Morning Coffee: The end of gardening leave as we know it? 34-year-old fund manager elated after primal vacation
If you work in financial services and reach a certain stature, there has long been a pleasure to be had from changing jobs which has nothing to do with the actual role.
During the notice period between leaving one job and starting another, you'll often be asked to sit out of the market in the hope that your clients will forget about you and your skills will atrophy. You will be paid, in full, by your previous employer. It's called gardening leave. And it can go on for six months, or more.

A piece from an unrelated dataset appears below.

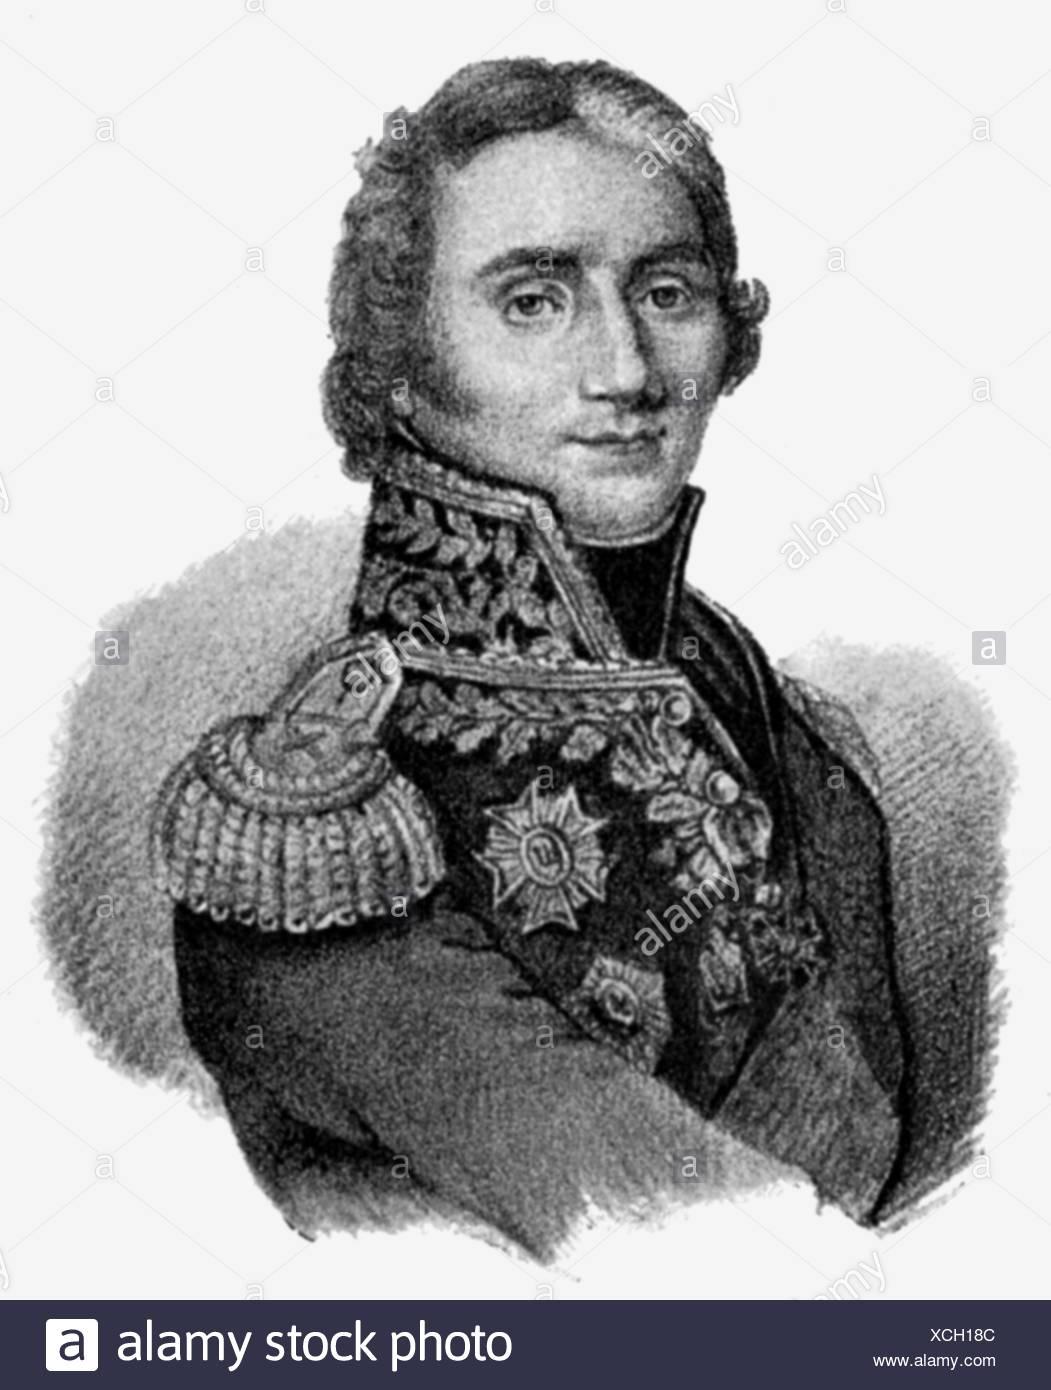 Masséna, André, 6.5.1756 - 14.4.1817, French general, portrait, lithograph, 19th century, , Stock Photo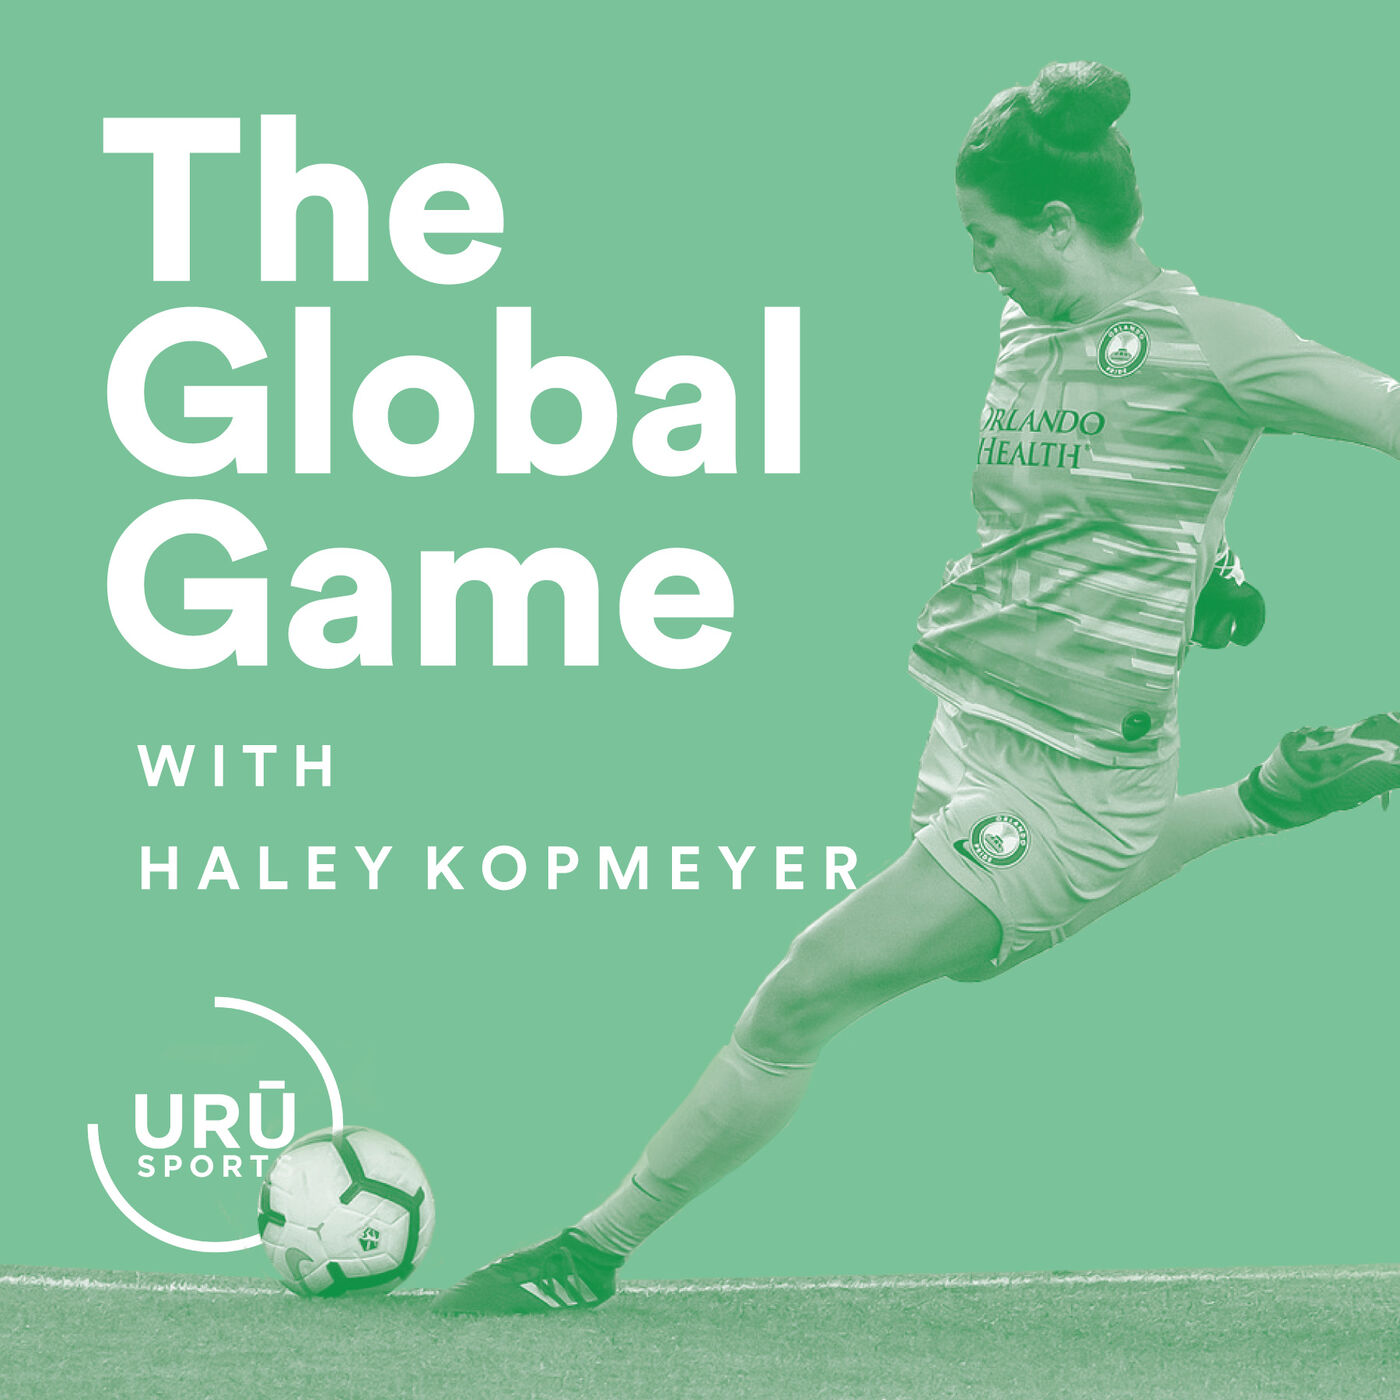 Haley Kopmeyer |  Drafted via Twitter

One ex-Goldman Sachs MD told us gardening leave was the source of his "best summer ever." A partner at a Big Four firm told the Financial Times: “I was annoyed at the garden leave until, a month in, I realised this was the greatest thing that’s ever happened to me, like a fully paid retirement in the middle of my career.” Many people time their gardening leave to fall over the summer months. It's about more than a new job: it's an opportunity to dabble in a whole new workless way of being.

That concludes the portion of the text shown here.